Skip the pictures. Transcribe exactly the lines from the line containing "a pink and blue sky" to the end of the listing.

Dataset content ::
%%

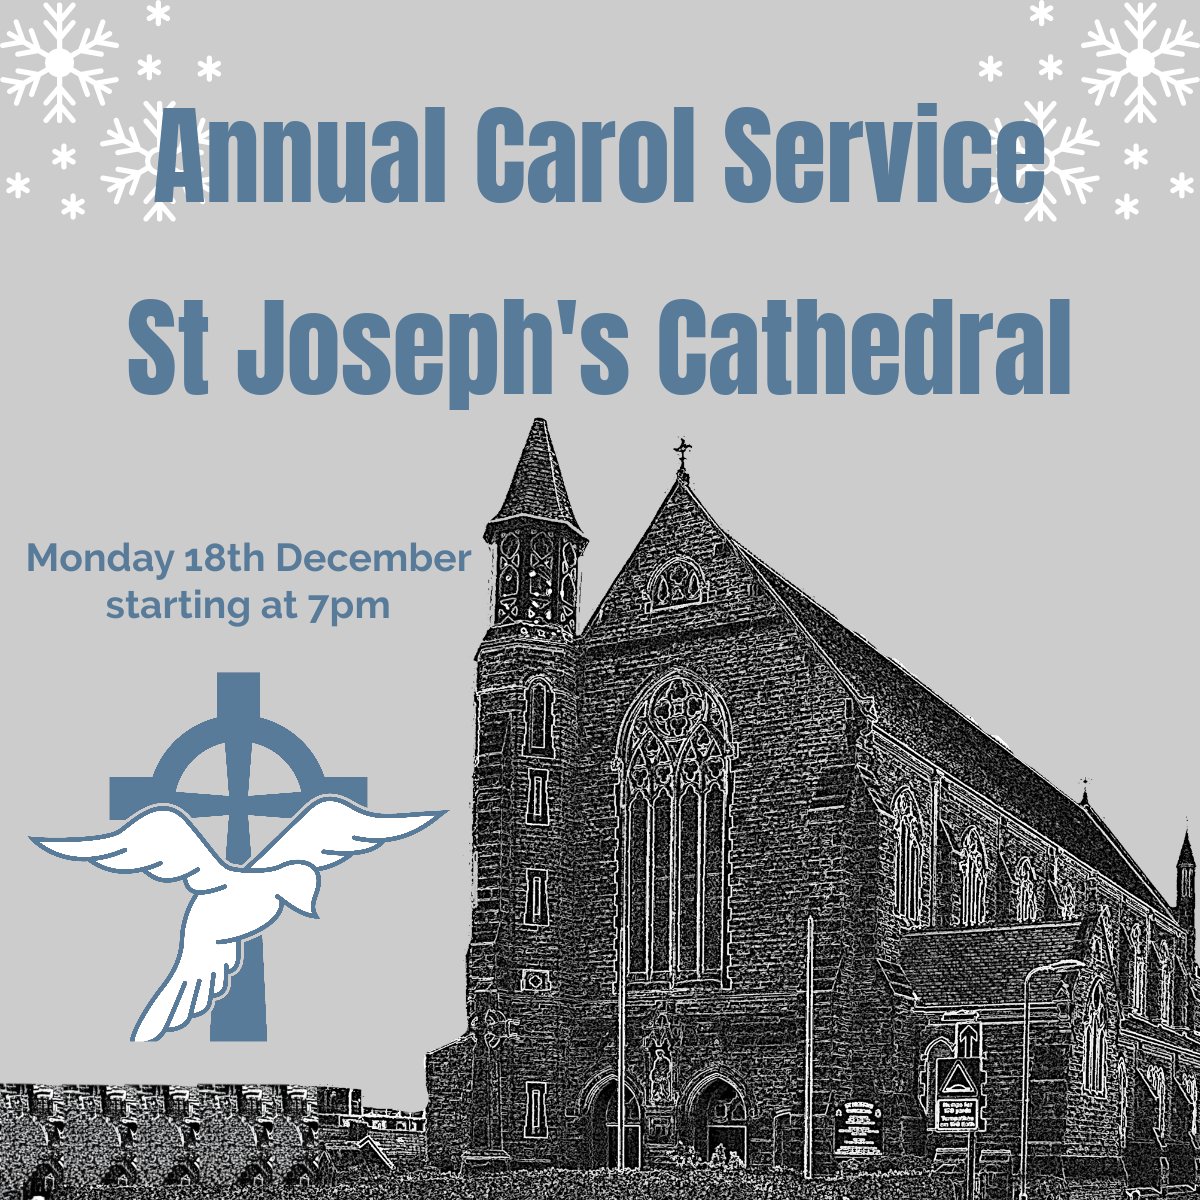 Join us next Monday evening, starting at 7pm, for our annual Carol Service at St Joseph's Cathedral! All are welcome!
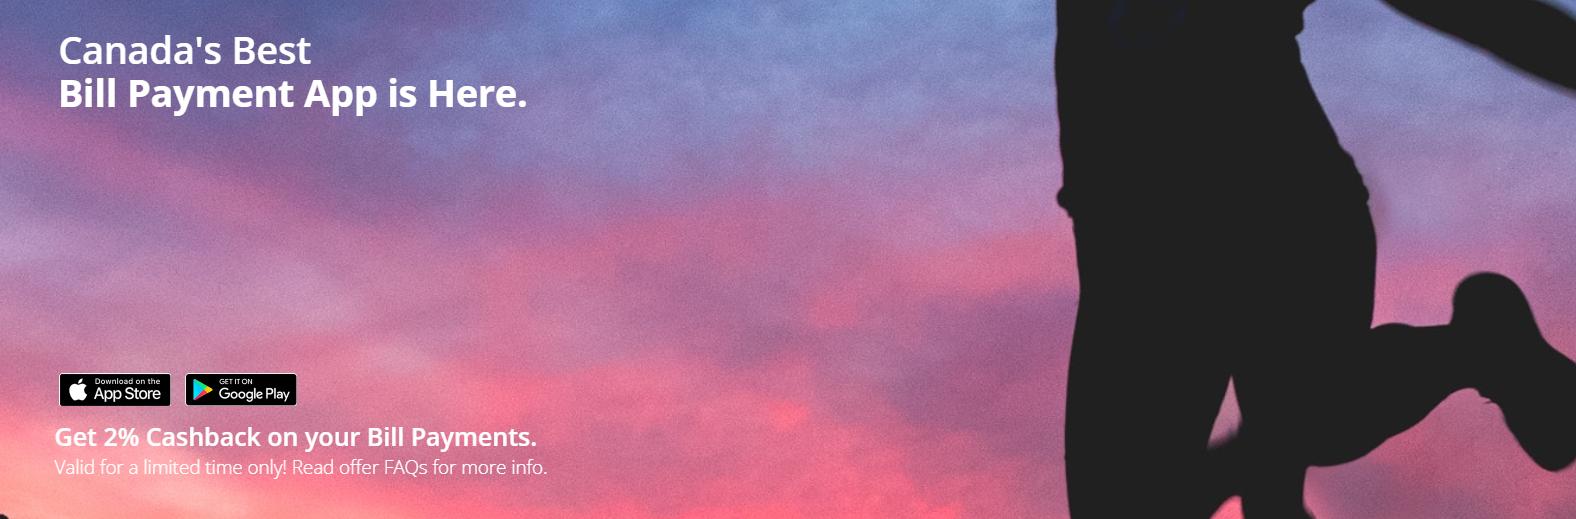 a pink and blue sky
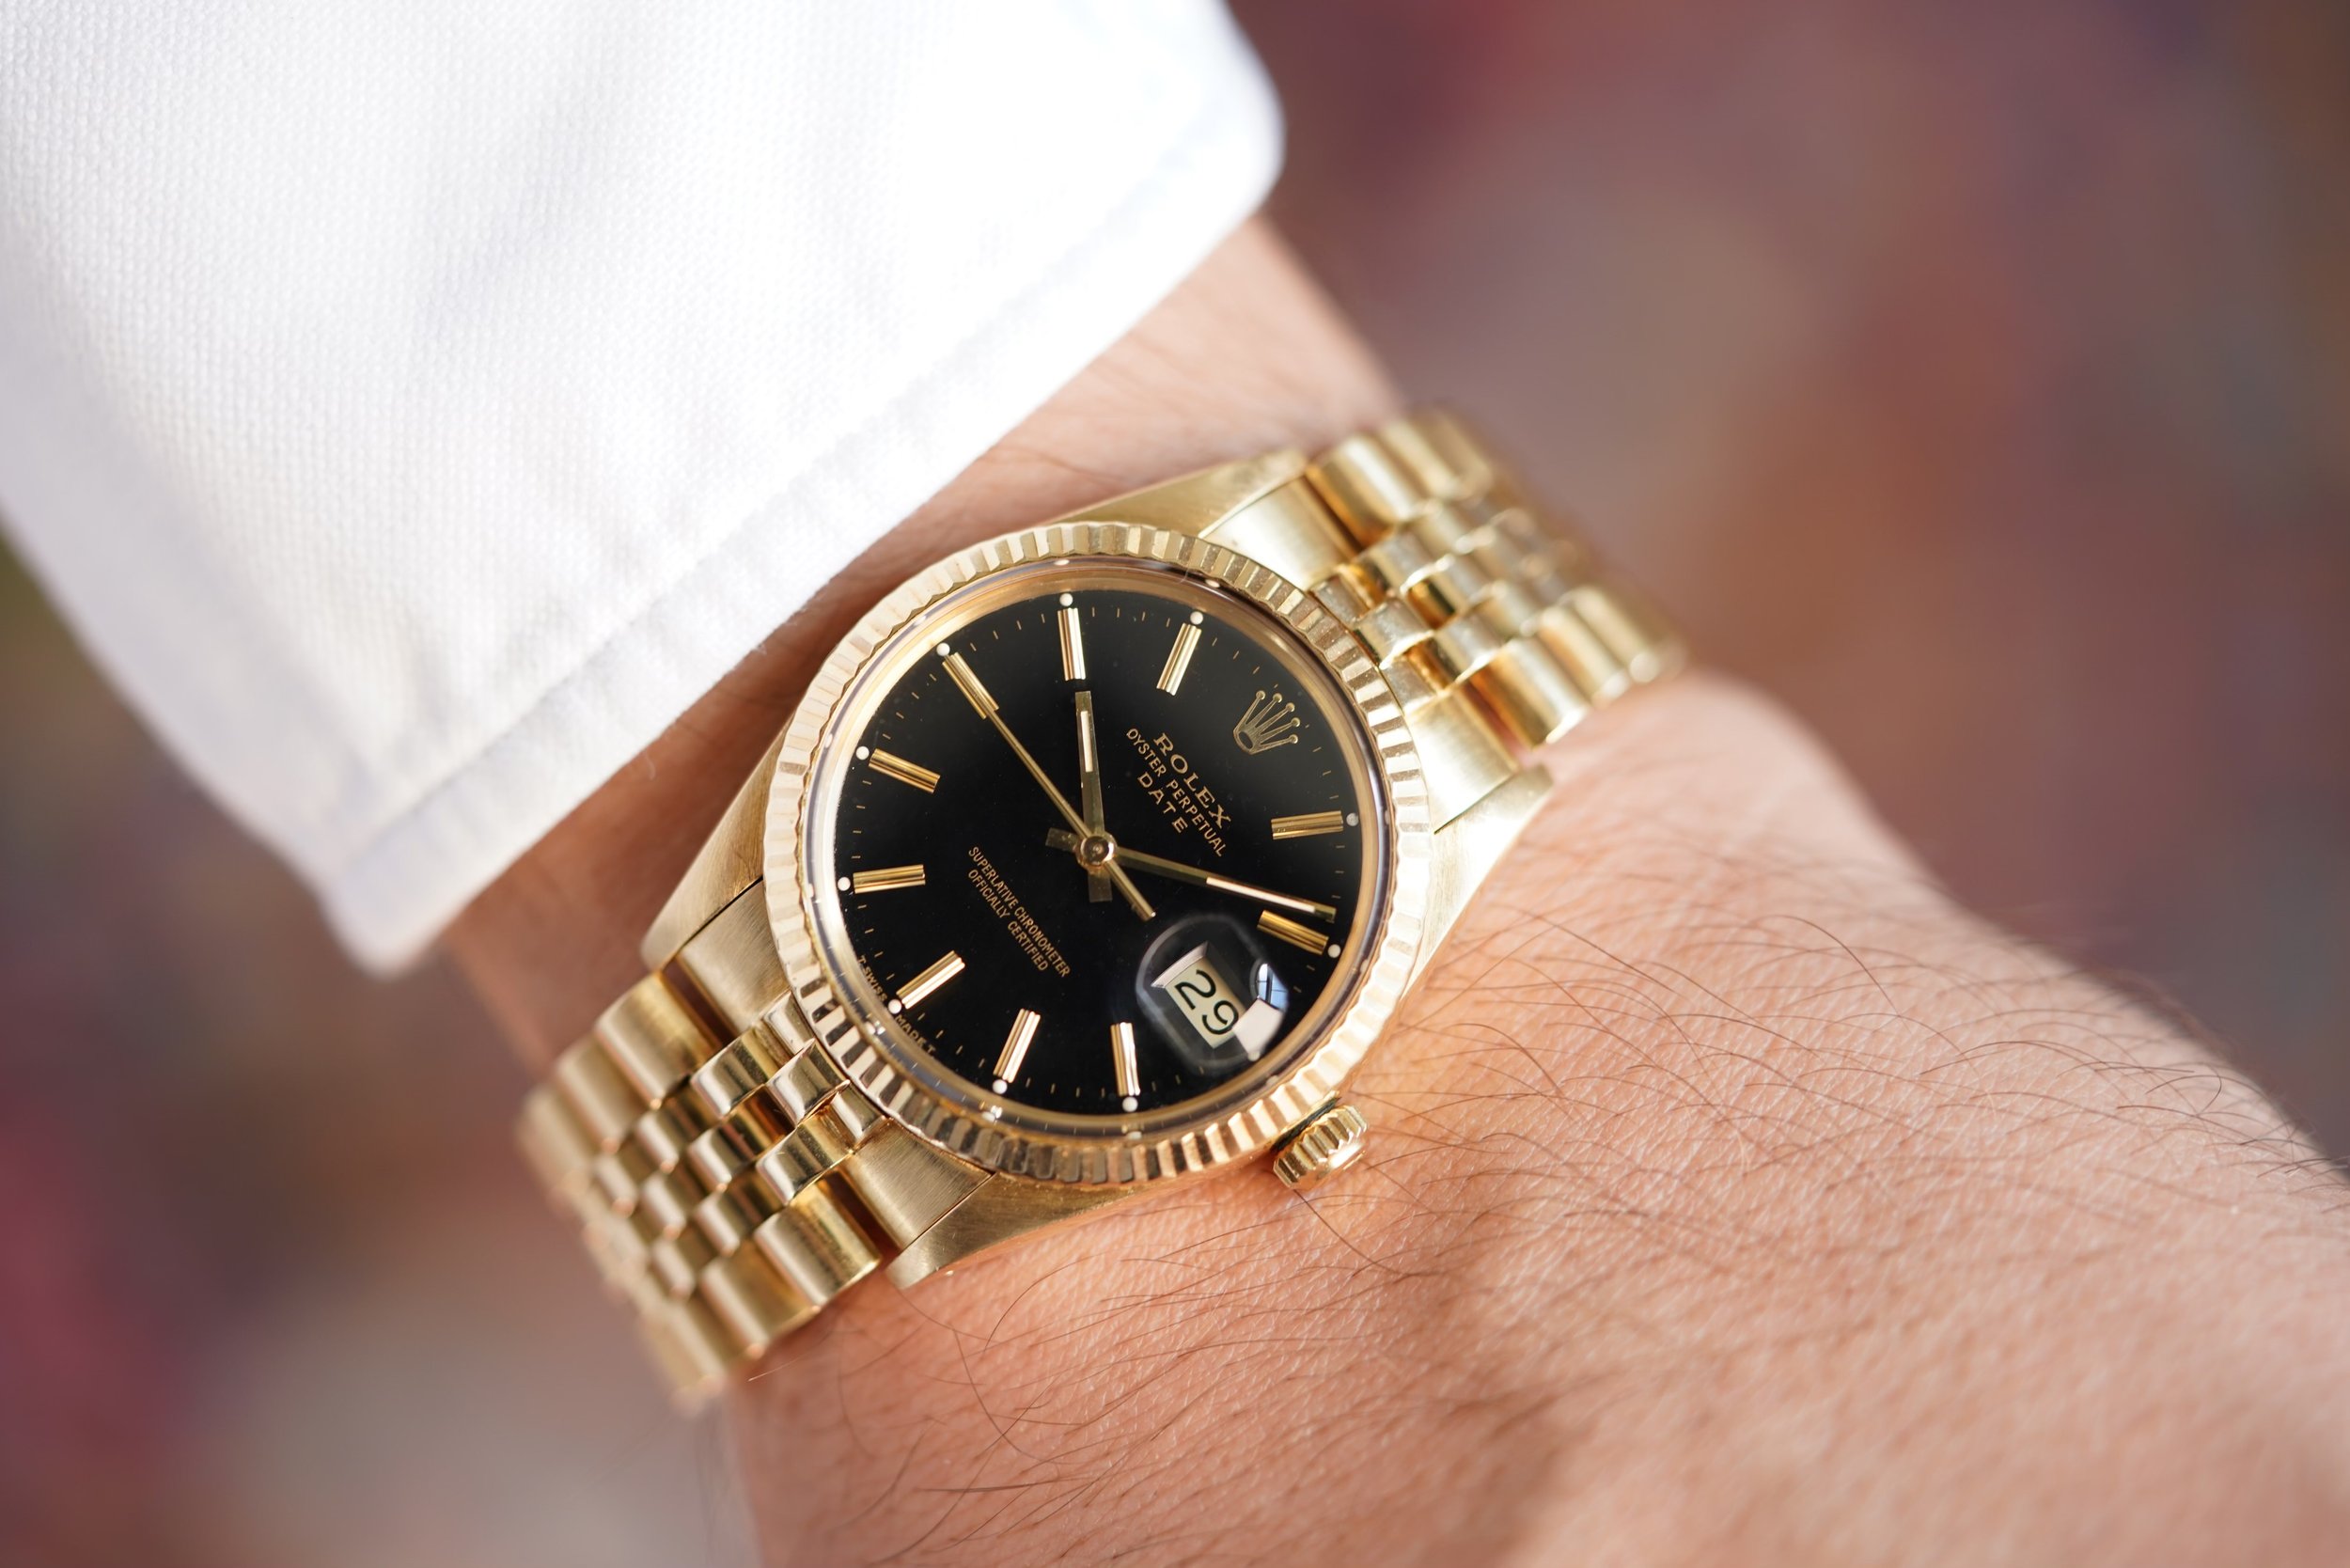 Rolex Date Reference 15037 
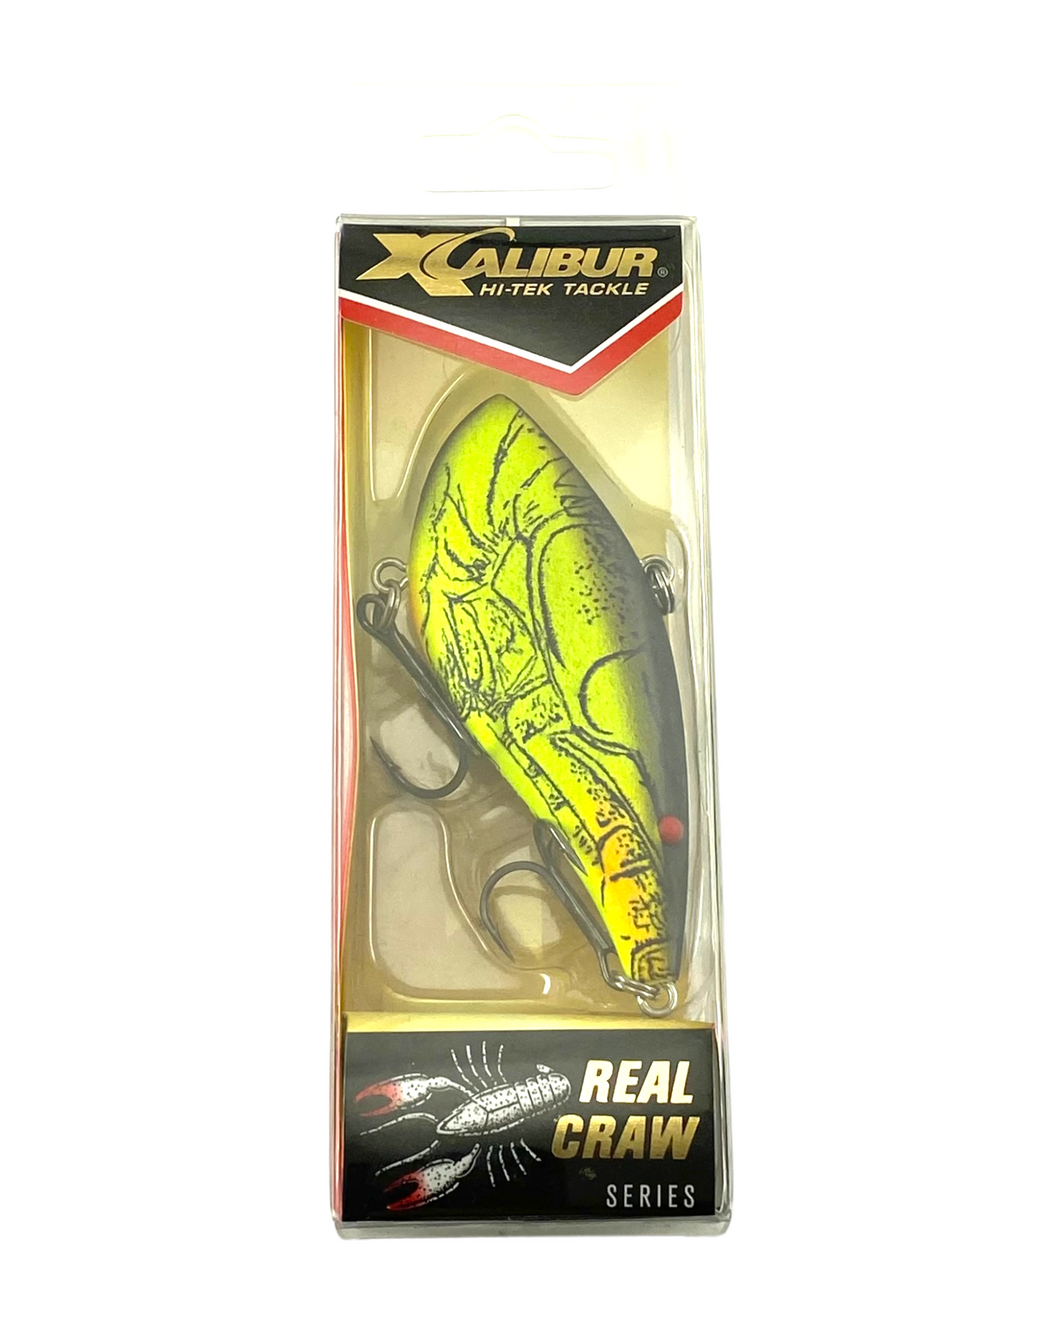 REAL CRAYFISH SERIES • XCALIBUR XR50 Fishing Lure in MOSS BACK CRAW

%%

Output below ::
 a pink and blue sky
 Rolex Date Reference 15037 
 REAL CRAYFISH SERIES • XCALIBUR XR50 Fishing Lure in MOSS BACK CRAW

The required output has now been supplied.